──────── The data

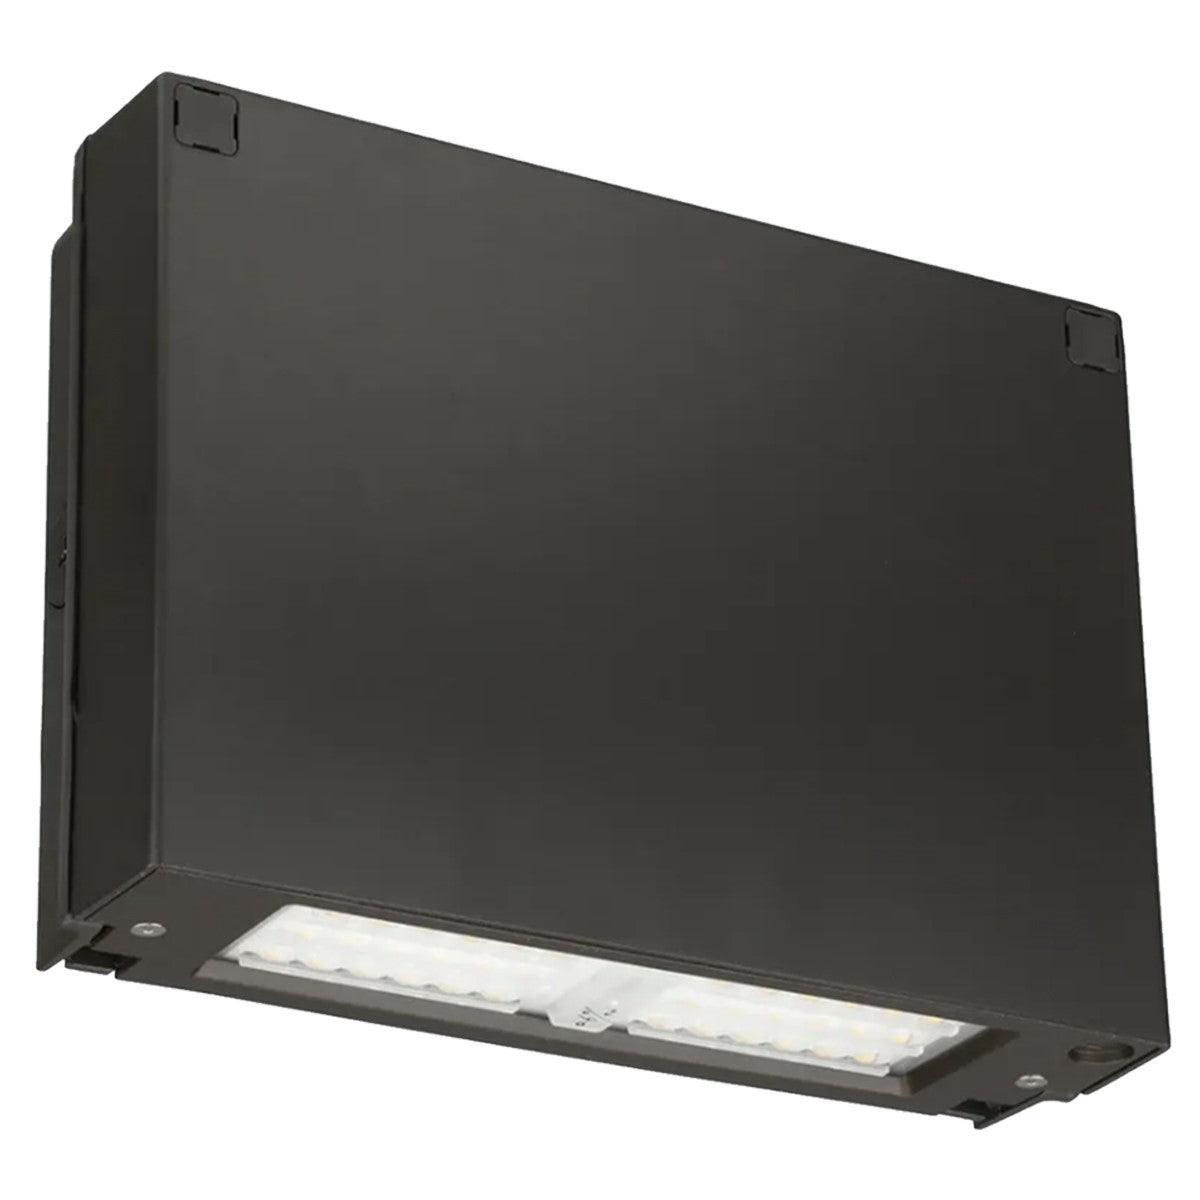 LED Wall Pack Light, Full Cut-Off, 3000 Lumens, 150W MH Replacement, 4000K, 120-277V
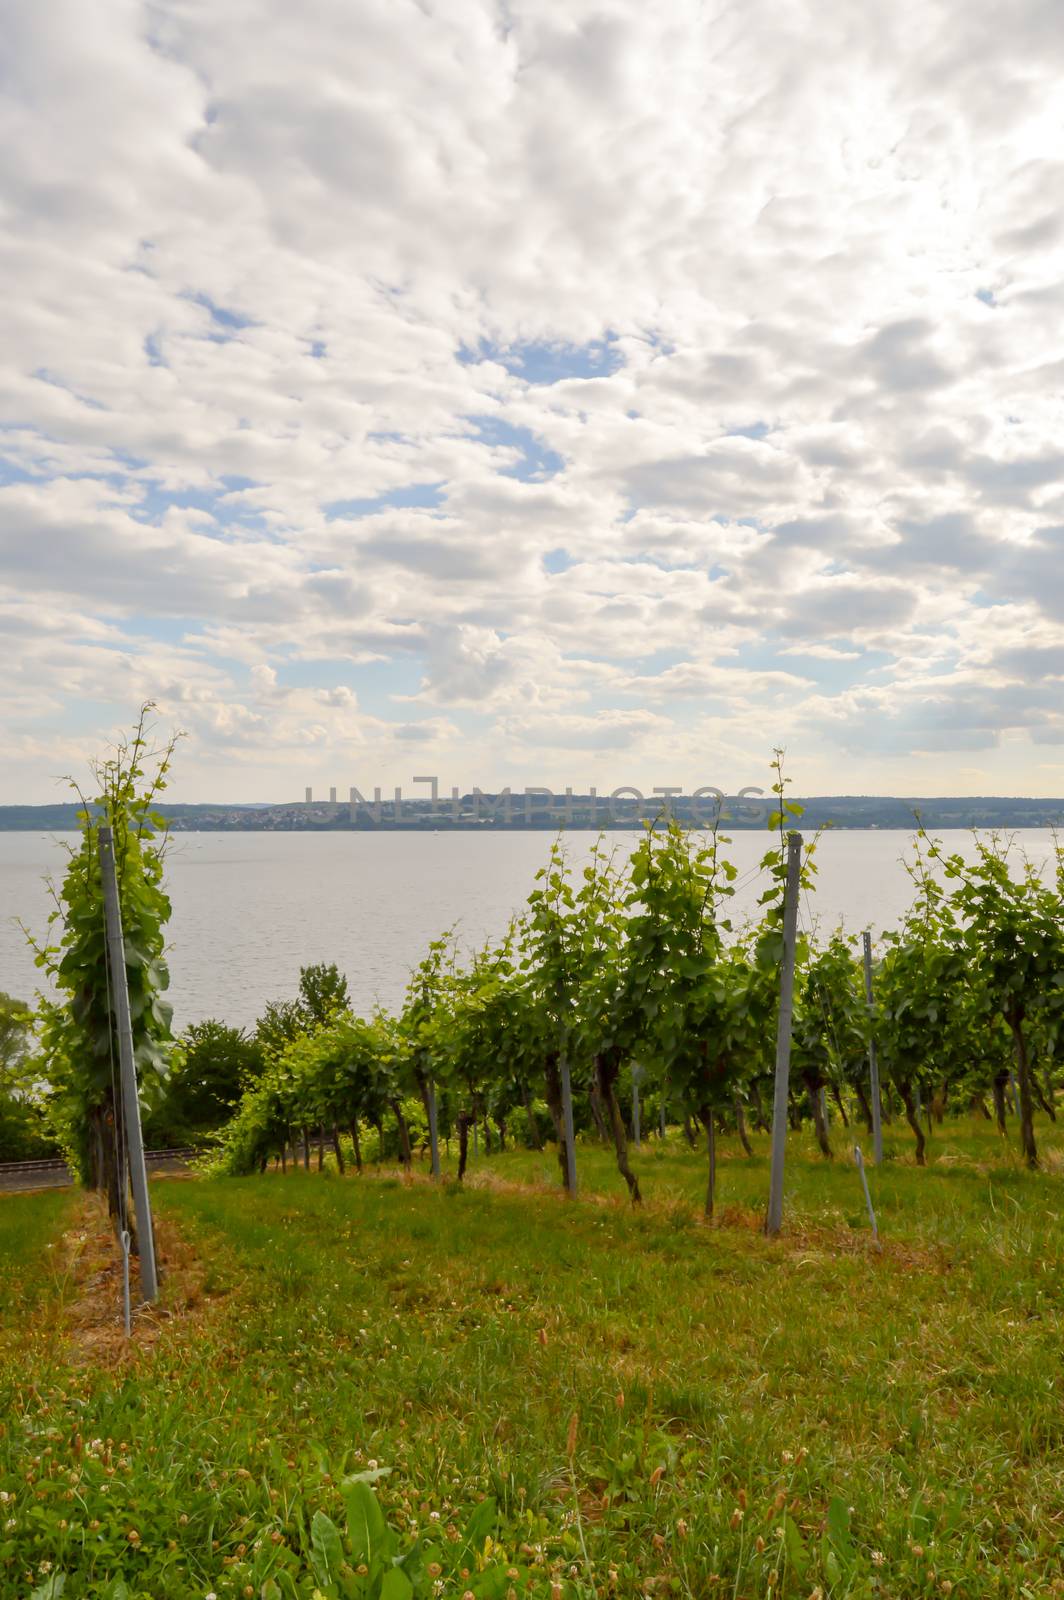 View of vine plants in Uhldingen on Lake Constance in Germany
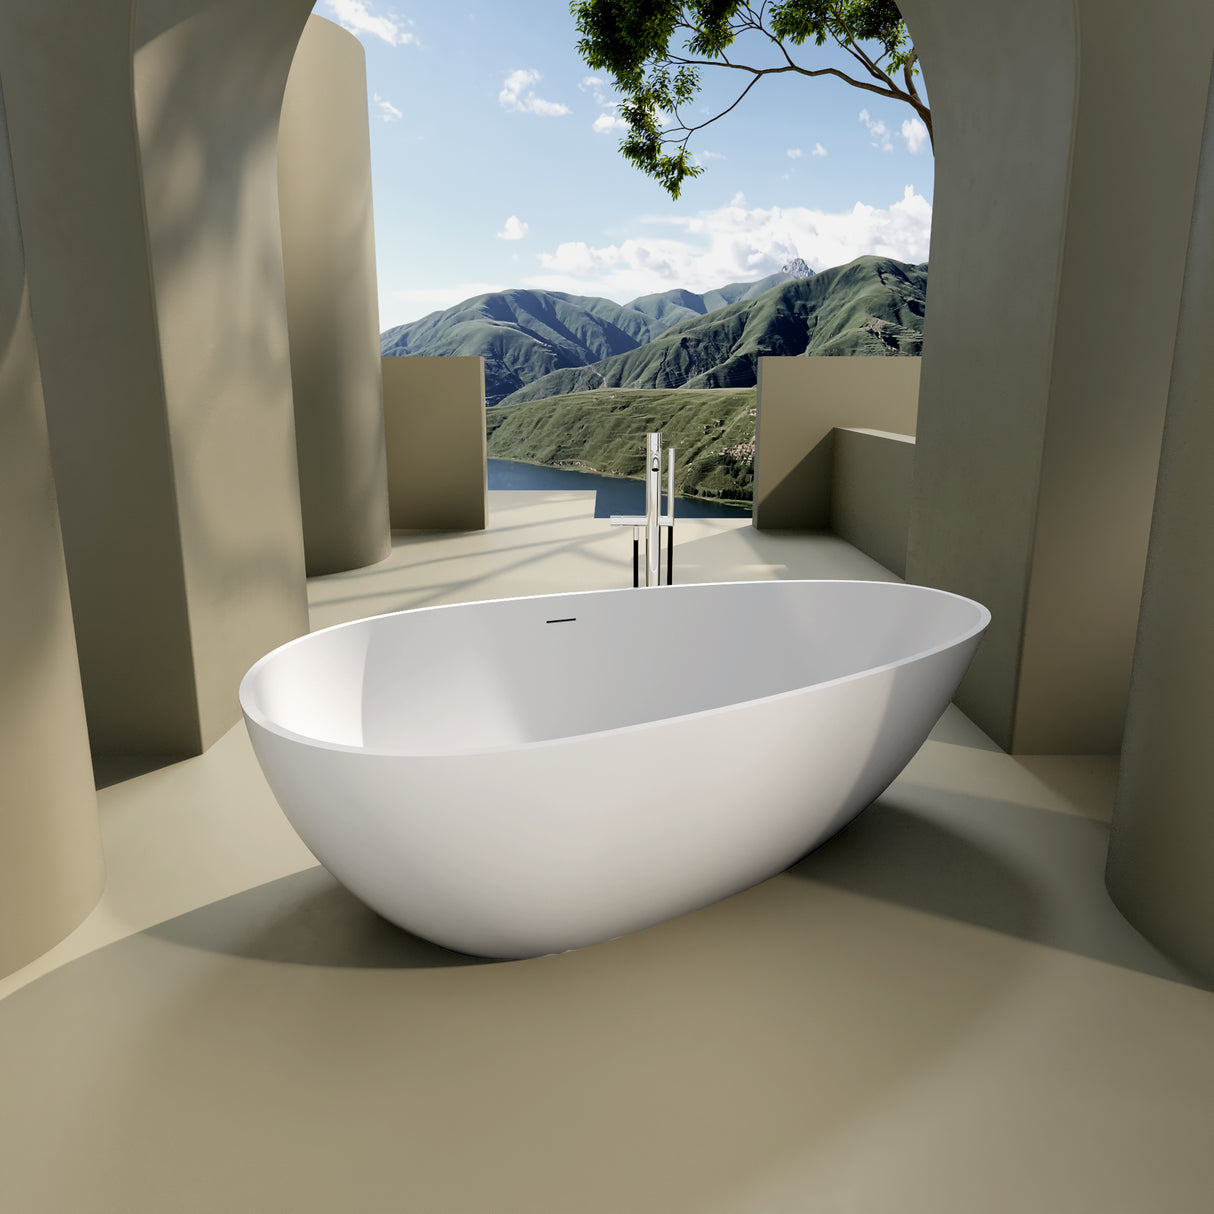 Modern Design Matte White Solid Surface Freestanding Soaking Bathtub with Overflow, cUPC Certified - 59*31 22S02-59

────────────────

#### [How to complete this task]
Output a faithful copy of the data, with each picture left out.

#### [Answer to the exercise]
 LED Wall Pack Light, Full Cut-Off, 3000 Lumens, 150W MH Replacement, 4000K, 120-277V
 View of vine plants in Uhldingen on Lake Constance in Germany
 Modern Design Matte White Solid Surface Freestanding Soaking Bathtub with Overflow, cUPC Certified - 59*31 22S02-59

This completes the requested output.